The second-order structure of immigration law.

Author:Cox, Adam B.

INTRODUCTION I. OVERVIEW OF AMERICAN IMMIGRATION LAW A. First-Order Policy Preferences B. Second-Order Institutional Design C. Constitutional Restrictions II. THE THEORY OF SECOND-ORDER IMMIGRATION DESIGN A. Information and Screening Devices B. Risk and Country-Specific Investment C. Other Factors D. A Comparison E. Positive Implications III. THE SECOND-ORDER STRUCTURE OF AMERICAN IMMIGRATION LAW A. Ex Ante vs. Ex Post 1. The shift from exclusion to deportation 2. The gap between exclusion and deportation grounds 3. Constitutional constraints on second-order design B. The Ex Post System: Illegal Immigration and Guest Workers 1. Reconceptualizing illegal immigration 2. The guest worker alternative C. The Ex Ante System: Family Migration and Alternatives CONCLUSION INTRODUCTION

Immigration law has long been underappreciated in the legal academy but, as so often happens, the pressure of current events is causing scholars to rethink old ideas. Two such events are of special importance. First, the U.S. government's reaction to the 9/11 attacks raised questions about the extent to which the norms of equal protection apply to noncitizens on American soil. In the immediate aftermath of the attacks, federal officials conducted sweeps in which they rounded up over a thousand noncitizens on alleged visa violations. Nearly all of these noncitizens were from predominantly Muslim countries. Many were detained for months without charges, and some were eventually released without ever being charged. (1) The Department of Justice subsequently pursued several other immigration initiatives that targeted noncitizens from predominantly Muslim countries. (2)

Second, the influx of undocumented aliens in the 1980s and 1990s, most of them Hispanic, has brought to the headlines the traditional litany of complaints about immigration: that noncitizens take the jobs of citizens, that they overwhelm social services, and that they cannot be assimilated if they arrive in excessive numbers. (3) In the early 1980s, undocumented immigrants made up a small fraction of the entering flow of immigrants, with approximately 130,000 crossing the border each year. (4) By the late 1990s, however, nearly one million undocumented immigrants were entering the United States each year--roughly the same number as were immigrating through legal channels. (5) Today, Congress is debating whether to overhaul the immigration system. The reform proposals include criminalizing unauthorized presence in the United States and creating a large-scale guest worker system. (6)
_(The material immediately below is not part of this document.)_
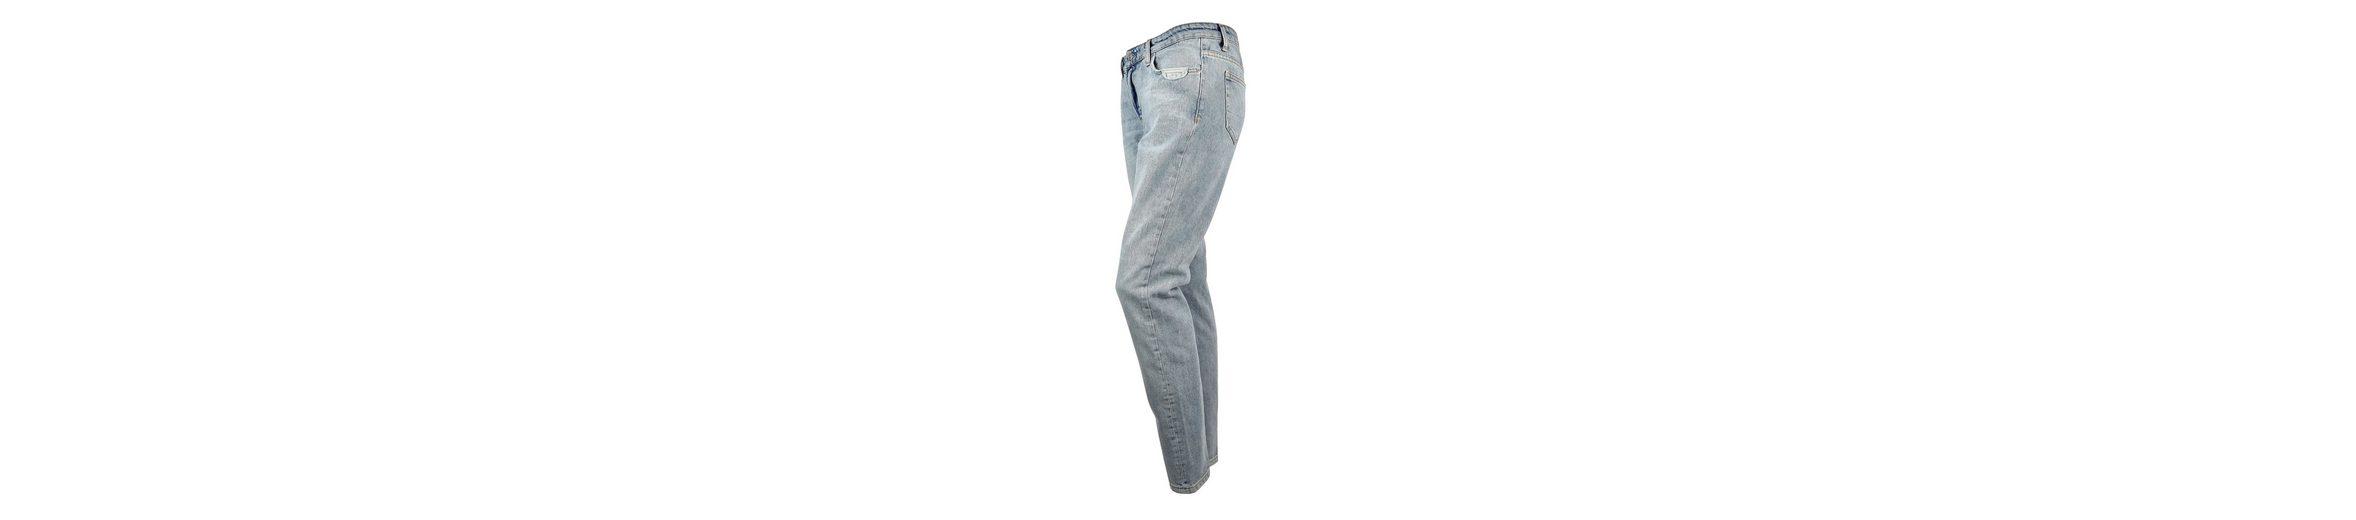 Besuch Ebay Günstiger Preis Pepe Jeans Jeans 'HEIDI' Tapered Denim Outlet Günstigen Preisen a9qt14lD

The current debates differ from many of the major historical debates about immigration policy inasmuch as they focus on what we will call second-order issues of institutional design rather than first-order issues of immigration policy. First-order issues address the ultimate ends of immigration policy: simplifying greatly, these ends entail admitting the state's desired quantity and types of immigrants. Quantity refers to the number of noncitizens granted lawful permanent residency every year. In the United States, the quantity of legal entries per year has varied between 400,000 and 1.8 million over the last three decades. (7) Type refers to the characteristics of the people who are granted lawful permanent residency--their status as family members of U.S. citizens, their work skills, their ability to assimilate, and related characteristics. Second-order design issues concern the legal institutions that are used to implement the first-order policy goals. Focusing on second-order design raises the question of how to screen applicants for admission so that the desired types are admitted and others are excluded.

The academic literature on immigration law and policy has largely neglected these second-order questions of institutional design. Its focus has been almost exclusively on two other questions: on the first-order question of how many, and whom, to admit; (8) and on the question of what role courts play in policing immigration policy. (9) But the second-order question is at least as important as the first-order question. Indeed, if a state makes poor second-order design choices, the importance of the first-order question fades: one cannot have an immigration policy if one cannot enforce it. And the role of courts cannot be understood apart from broader issues of institutional design. (10)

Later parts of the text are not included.